The first defence is Less is More – limiting the number of apps, accounts and devices that demand endless sign-ins and updates. Through purchase power, people can favour companies that respect privacy and avoid those that treat users as raw material. Buycotts can target firms that abuse data collection, while supporting alternatives that offer genuine choice and transparency. Legal action is a key tool, challenging misuse and forcing compliance with rights already on paper but too often ignored. At the same time, political pressure can push for simpler consent rules, stronger penalties, and restrictions on the resale of personal information. By combining restraint with resistance, citizens can reclaim their status as customers, not products.
The only counterweight to this alignment is organised People Power and purchase power. It is possible to counter the political influence corporations have, buy using boycotts / "buycotts". By using purchase power, citizens can weaken firms that rely on political protection while supporting those that operate fairly. Buycotts punish the worst offenders by restricting the money which flows to them, cutting demand where it hurts most. Legal action can also be used to challenge conflicts of interest, from harmful products to unfair tax avoidance, forcing accountability through the courts. At the same time, sustained political pressure is vital – demanding rules that close offshore loopholes, curb lobbying excesses, and bar the revolving door between regulator and industry. Step by step, the public can prise apart the grip of corporate capture, ensuring both business and government serve society, not themselves.
The way forward is to think Less is More – breaking cycles of compulsion by cutting back on unnecessary consumption and constant screen time. With purchase power, people can reward companies that offer genuine choice and healthier options, while rejecting those that rely on manipulation and addiction.
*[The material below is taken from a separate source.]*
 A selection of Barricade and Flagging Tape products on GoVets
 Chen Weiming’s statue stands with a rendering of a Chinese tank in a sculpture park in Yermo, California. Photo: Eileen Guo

Buycotts can expose platforms and products that profit from engineered dependence, steering demand toward alternatives built on transparency and wellbeing. Where hidden algorithms and deceptive design cause harm, legal action can challenge their use, and political pressure can demand open standards and limits on addictive practices. By refusing to be nudged and by coordinating resistance, citizens can reclaim both their wallets and their minds from systems designed to control them. Do not let stuff own you.